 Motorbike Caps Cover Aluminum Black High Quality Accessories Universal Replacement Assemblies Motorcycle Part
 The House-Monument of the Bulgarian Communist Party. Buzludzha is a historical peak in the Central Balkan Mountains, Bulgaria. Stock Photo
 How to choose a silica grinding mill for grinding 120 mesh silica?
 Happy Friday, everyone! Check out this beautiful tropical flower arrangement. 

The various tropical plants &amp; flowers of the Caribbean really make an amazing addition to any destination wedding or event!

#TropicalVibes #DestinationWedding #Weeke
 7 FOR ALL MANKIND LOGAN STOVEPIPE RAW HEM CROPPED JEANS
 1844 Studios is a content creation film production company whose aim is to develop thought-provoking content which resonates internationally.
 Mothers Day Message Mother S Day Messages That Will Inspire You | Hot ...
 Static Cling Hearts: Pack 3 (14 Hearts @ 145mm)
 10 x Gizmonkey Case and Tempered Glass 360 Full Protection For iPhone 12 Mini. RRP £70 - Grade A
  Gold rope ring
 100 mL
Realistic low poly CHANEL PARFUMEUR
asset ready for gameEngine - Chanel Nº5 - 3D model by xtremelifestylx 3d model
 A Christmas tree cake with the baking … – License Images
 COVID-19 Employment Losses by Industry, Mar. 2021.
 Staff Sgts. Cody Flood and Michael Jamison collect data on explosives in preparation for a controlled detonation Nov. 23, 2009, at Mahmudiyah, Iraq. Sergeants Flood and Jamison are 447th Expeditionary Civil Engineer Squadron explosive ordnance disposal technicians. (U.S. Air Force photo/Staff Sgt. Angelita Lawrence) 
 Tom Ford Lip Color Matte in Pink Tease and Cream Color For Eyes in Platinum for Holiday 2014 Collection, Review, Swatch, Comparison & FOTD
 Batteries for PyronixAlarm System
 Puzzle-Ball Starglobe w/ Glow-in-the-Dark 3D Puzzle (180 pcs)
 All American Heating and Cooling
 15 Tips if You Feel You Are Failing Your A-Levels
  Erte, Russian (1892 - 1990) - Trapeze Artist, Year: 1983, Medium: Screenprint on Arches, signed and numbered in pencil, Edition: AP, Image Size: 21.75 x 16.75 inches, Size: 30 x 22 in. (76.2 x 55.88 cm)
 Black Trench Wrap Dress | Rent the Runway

-- Work order --
Using the entries above, return exactly the lines from the line with "The House-Monument of" to the line with "#TropicalVibes #DestinationWedding #Weeke", counting both of those lines.

-- Exercise solution --
 The House-Monument of the Bulgarian Communist Party. Buzludzha is a historical peak in the Central Balkan Mountains, Bulgaria. Stock Photo
 How to choose a silica grinding mill for grinding 120 mesh silica?
 Happy Friday, everyone! Check out this beautiful tropical flower arrangement. 

The various tropical plants &amp; flowers of the Caribbean really make an amazing addition to any destination wedding or event!

#TropicalVibes #DestinationWedding #Weeke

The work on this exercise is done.